2. The method of claim 1, wherein in a case where a preset position is determined as a position of a virtual sound source of spatial audio to be output, the preset position is a center position of the screen, a center position of the application interface, or a sound emission position in the application interface.

3. The method of claim 1, wherein the interface presentation of the application interface comprises a window presentation of a specified window in the application interface.

4. The method of claim 3, wherein the target application is a video application and the designated window is a video playback window.

5. The method of any of claims 1-4, wherein determining the relative orientation of the head of the user wearing the headset with respect to the virtual sound source based on the position of the virtual sound source comprises:

acquiring a user image of the user through a camera;

from the captured user images, the relative position of the user's head position with respect to the virtual sound source and the relative direction of the head orientation with respect to the direction in which the head is oriented towards the virtual sound source are determined.

6. The method of any of claims 1-4, wherein the adjusting the spatial audio output to the headphones according to the relative orientation comprises:

processing audio parameters of the target application according to the relative orientation to generate spatial audio perceived as originating from the virtual sound source;

transmitting the generated spatial audio to the headphones.

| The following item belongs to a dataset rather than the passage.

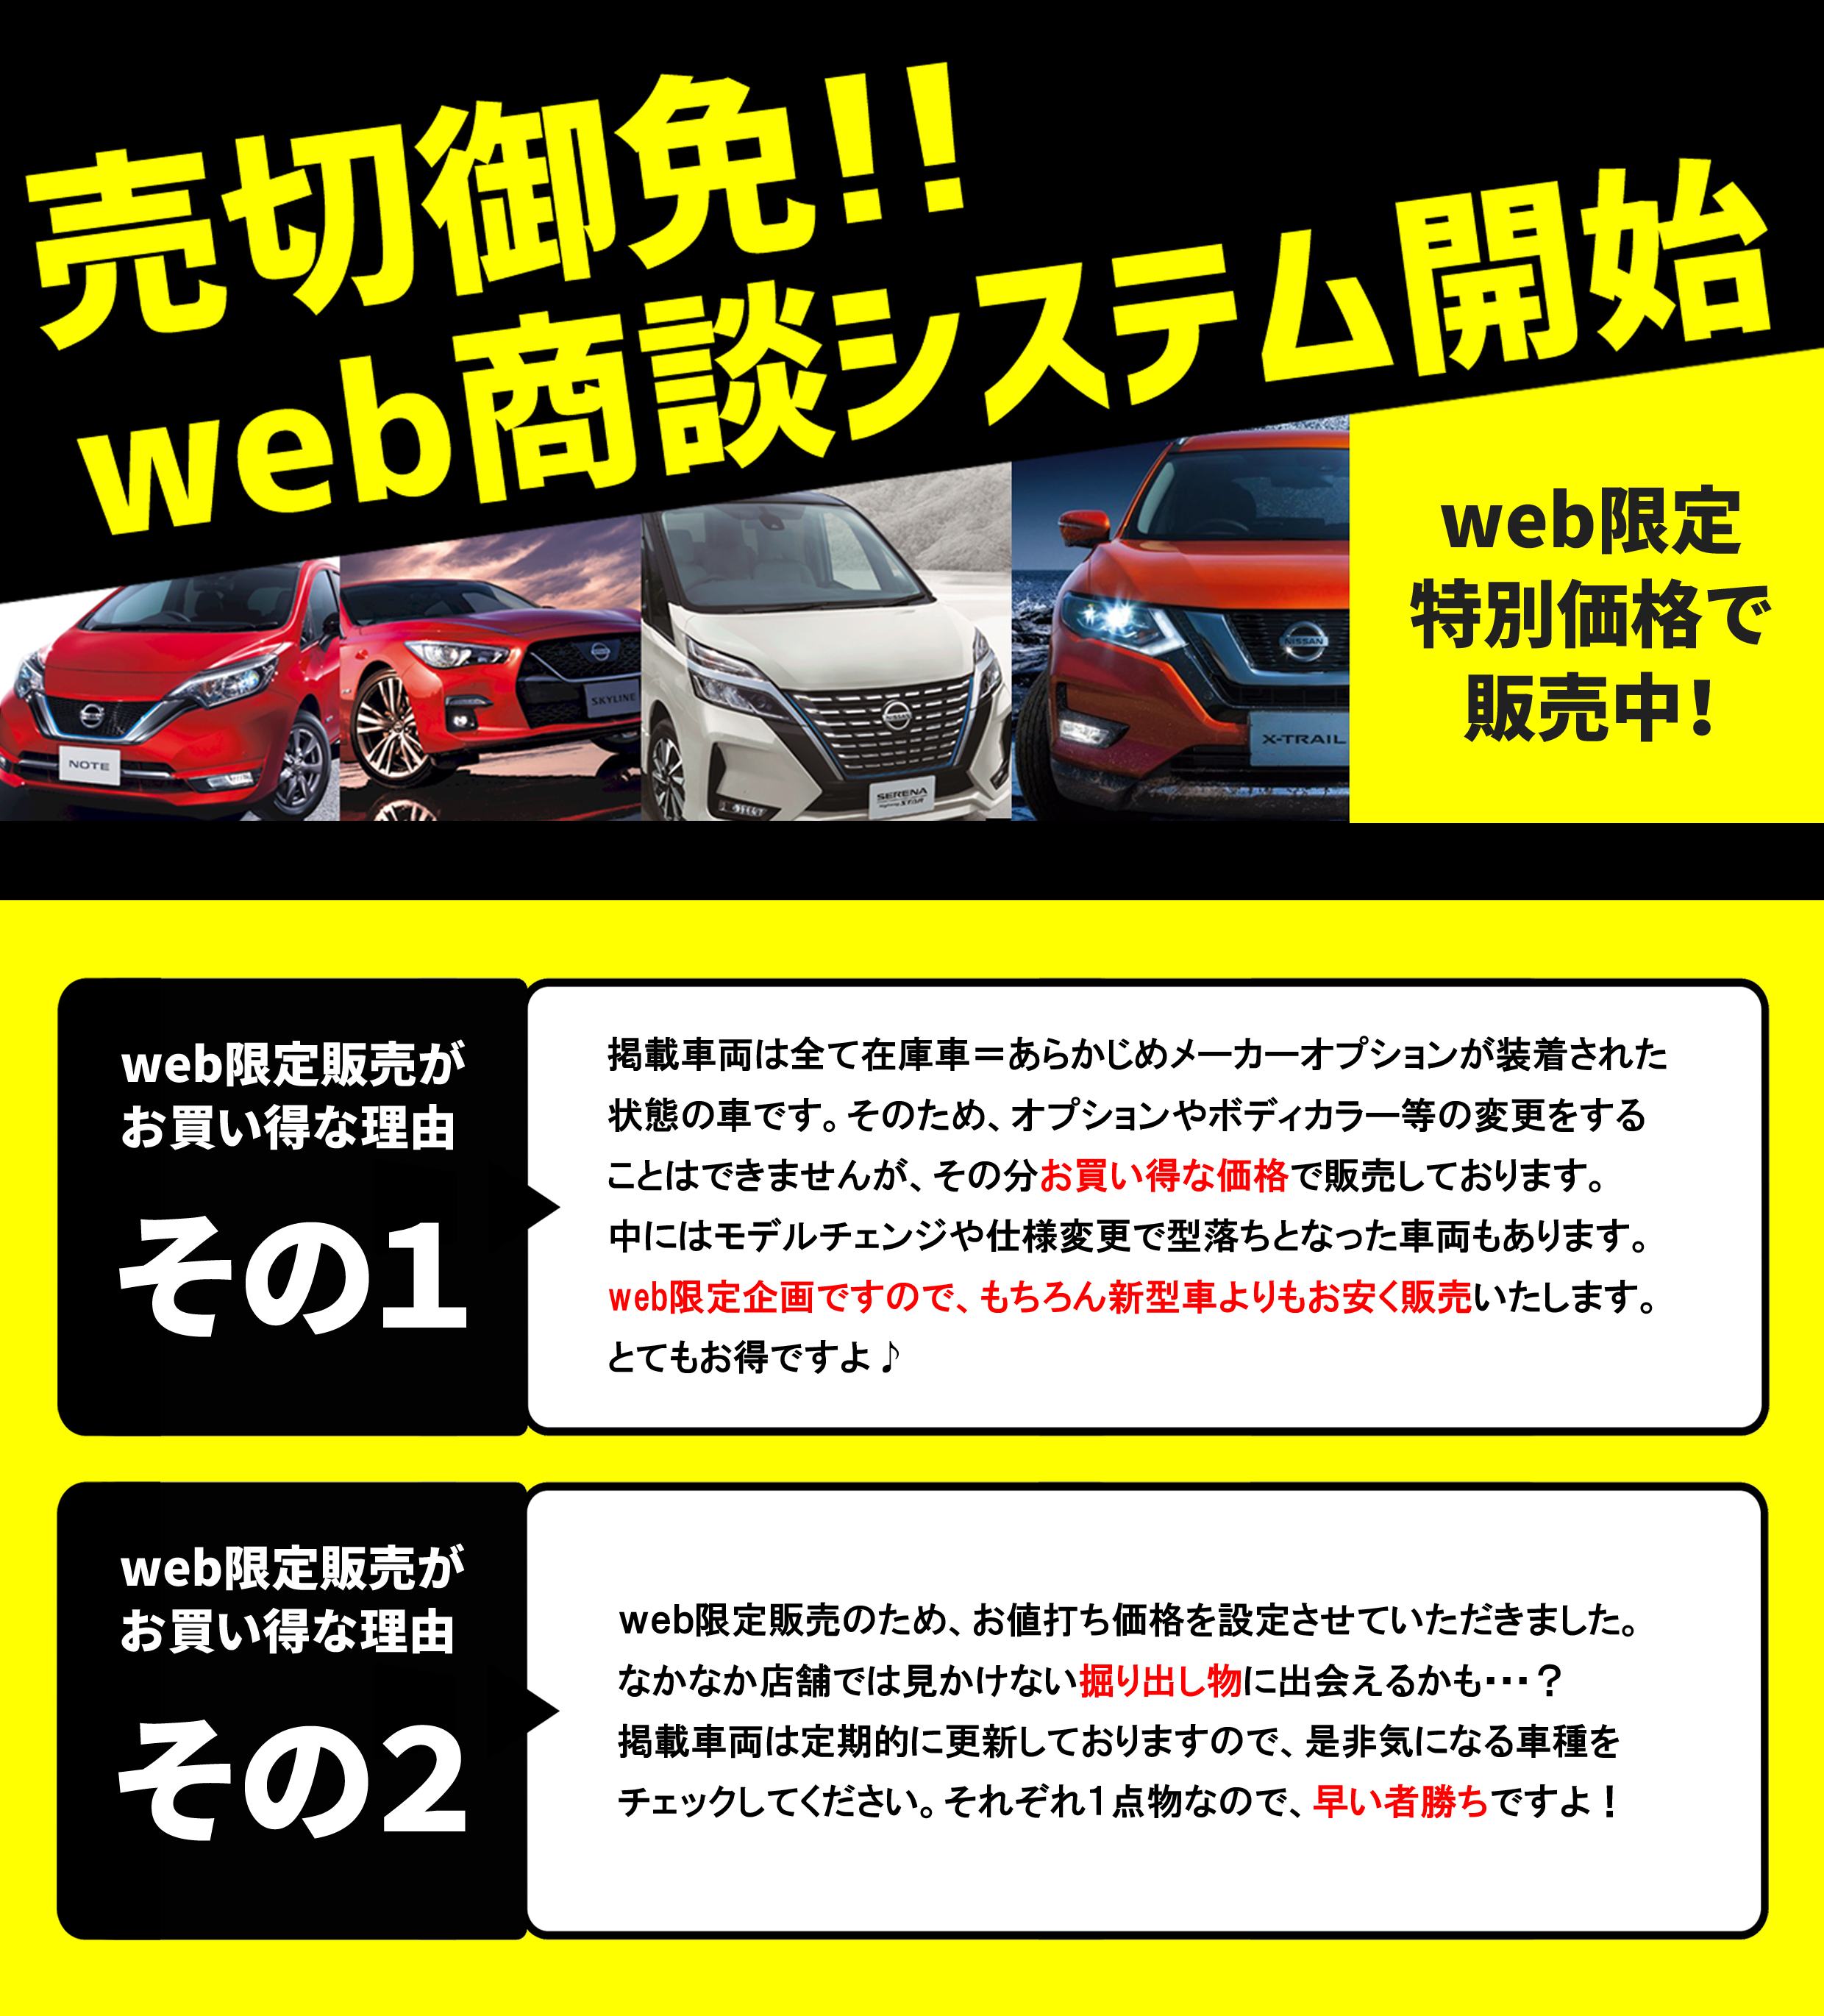 奈良日産自動車株式会社 Web商談システム はじめました

7. A terminal, characterized in that the terminal comprises a processor, a memory and a computer program stored in the memory and executable on the processor, the processor implementing the audio processing method according to any of claims 1-6 when executing the computer program.

8. A computer-readable storage medium having stored therein instructions which, when run on a computer, cause the computer to execute the audio processing method of any one of claims 1-6.